Thursday, March 26, 2009

That's oddly specific

"Violent Documentaries" and "Suspenseful Sci-Fi & Fantasy from the 1980's"?


The new taste preferences on Netflix are weird. The intro page only gave me about 8 "tastes" to rate (Violent, Suspenseful, Romantic, Goofy), but the actual "Taste Preferences"-setting page has 24 different ones to rate. These things seem too weird and objective to really produce useable results. The provided examples are a clear indication that Netflix and I have wildly different definities of these things.

Ugh, I just can't... Patch Adams? Fuck you, Netflix, for reminding me that this abomination exists.

Yep, nothing says romance like hillbillies, dead guys, nautical disaster, whores, the mentally retarded, and Tom Hanks.

I wasn't going to say anything about this one, but Van Helsing? Really? I saw that piece of shit, and I must've gouged my eyes out too early to see the deep emotional subplot.
Also, how the hell is Top Gun listed under "romance", but not Eternal Sunshine? Oh, right, because these listings are nonsensical and useless.

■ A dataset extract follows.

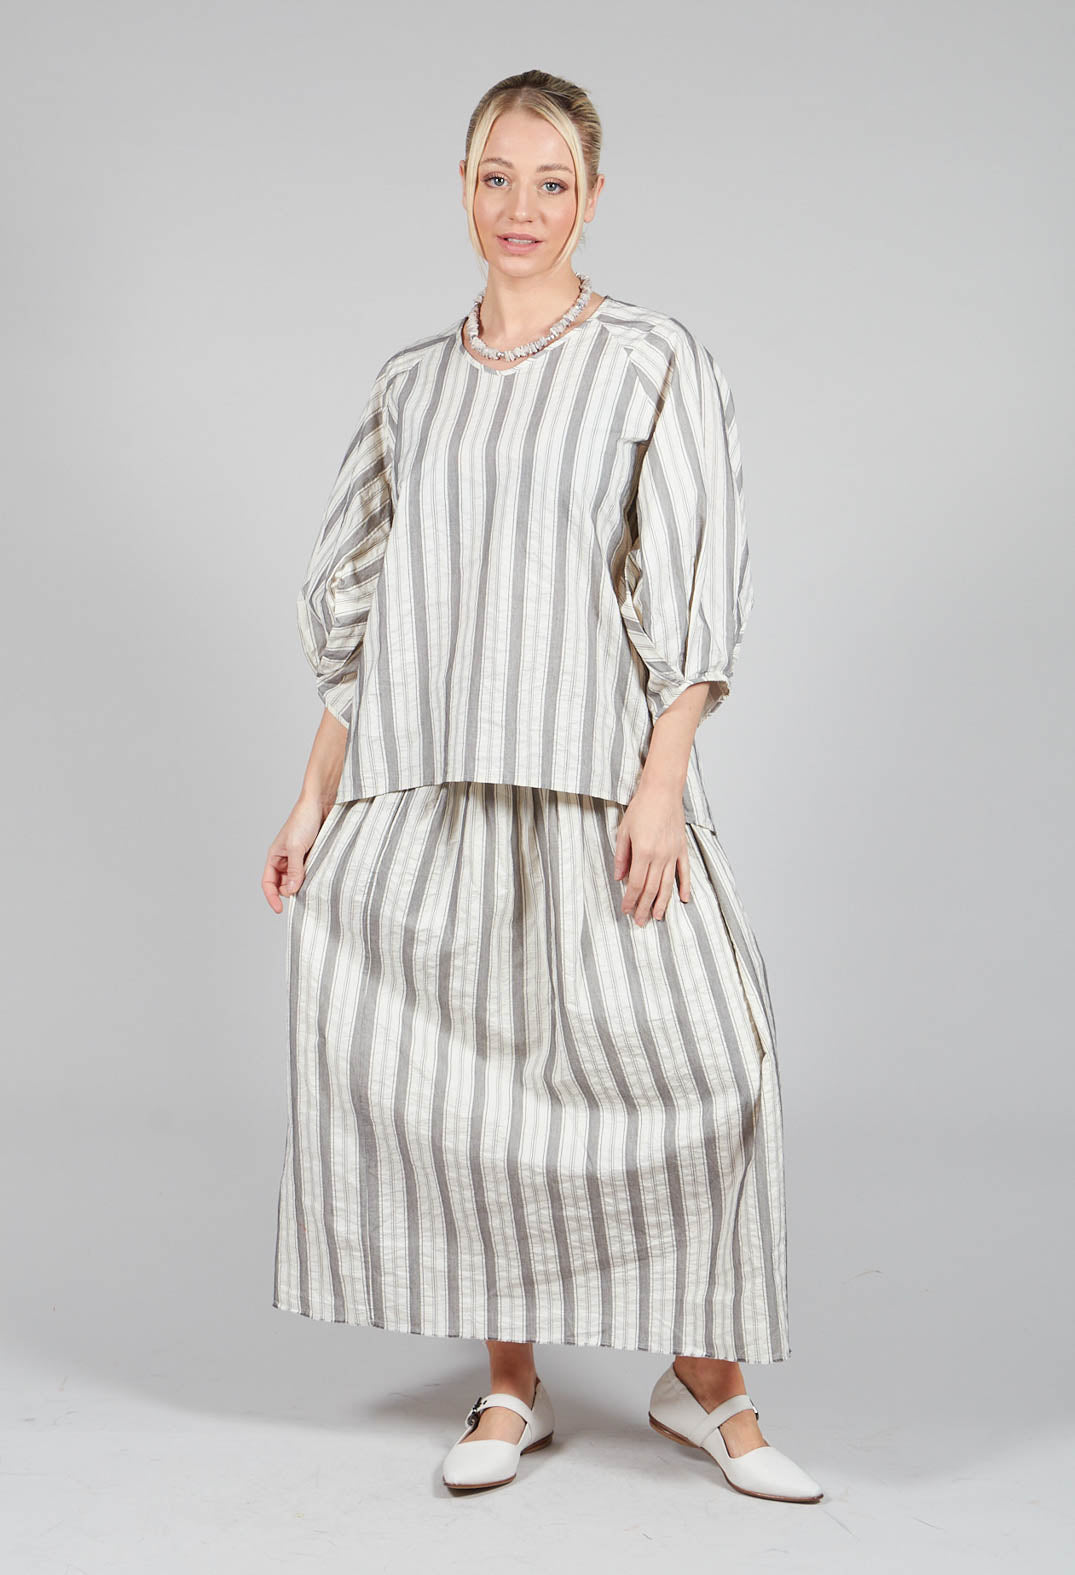 Lined Long Skirt in Stripe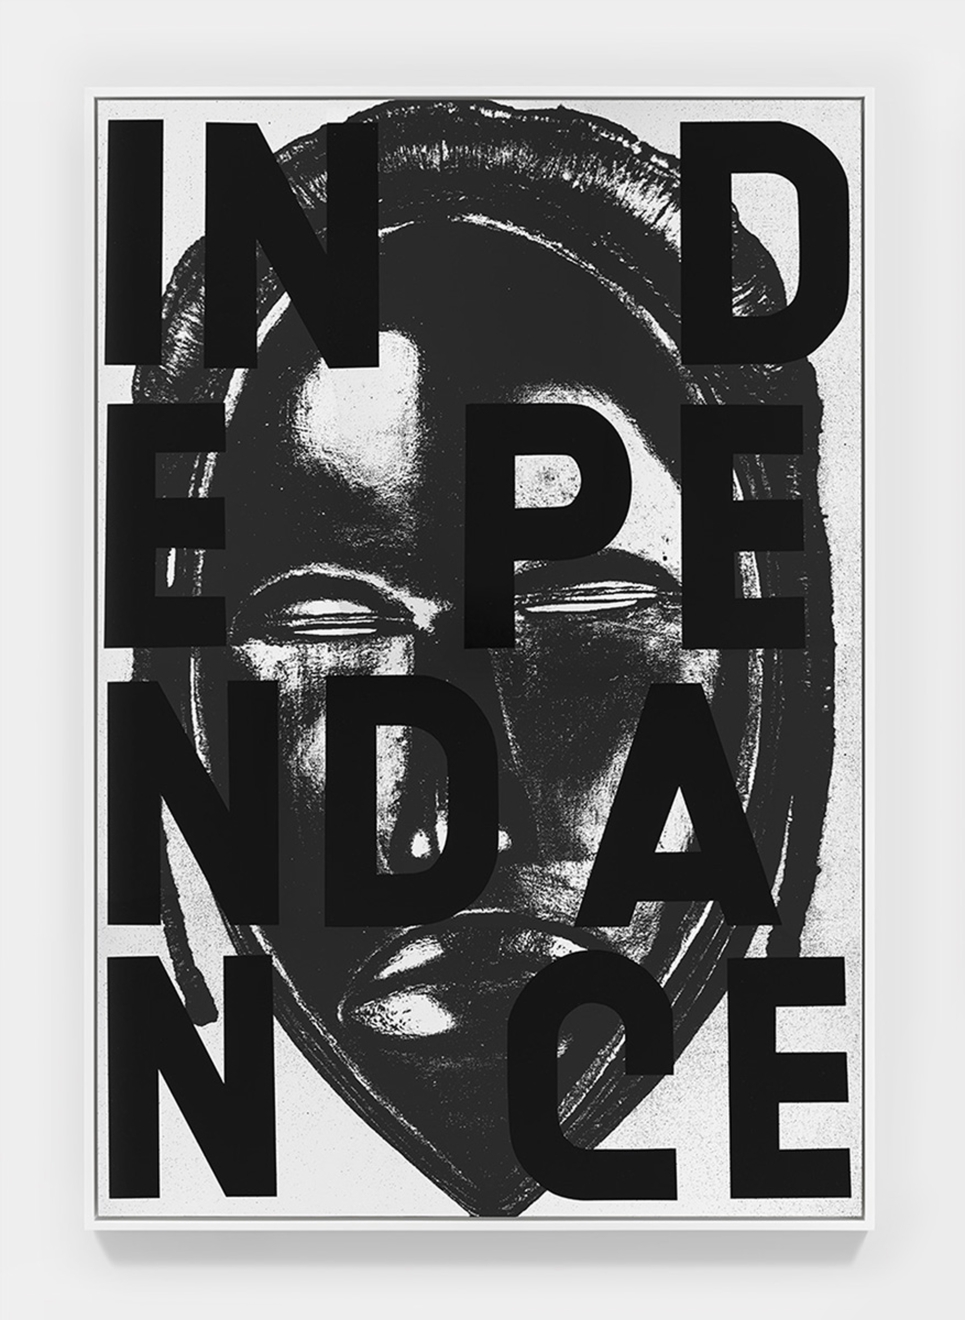 Adam Pendleton Independance (Mask, Ivory Coast), 2018

This is where I'm calling total bullshit on these categories. They had the decency to stop listing Crash on every goddamn category, but three Nicholas Cage movies? Now I know they're just fucking around.


It was bad enough when I had to contend with their inexplicable genre-based recommendations, now when I log in I'm met with stuff like this:

Edit to add: I just noticed that in addition to the "tastes" and genres, you can set preferences for an endless number of other things, like "qualities" (which, inexplicably includes Bollywood), storylines, release dates, and all of the Netflix subgenres. One of these days, I'll try and manipulate it so it appears that I'm only interested in Gritty Zombie Blacksploitation Bollywood Tearjerkers that were released in the 1910's or 1980's about Post Apocalyptic Kung-Fu Whistleblowers and are based on Children's Books.
In all honesty, if that was a movie I'd watch the hell out of it.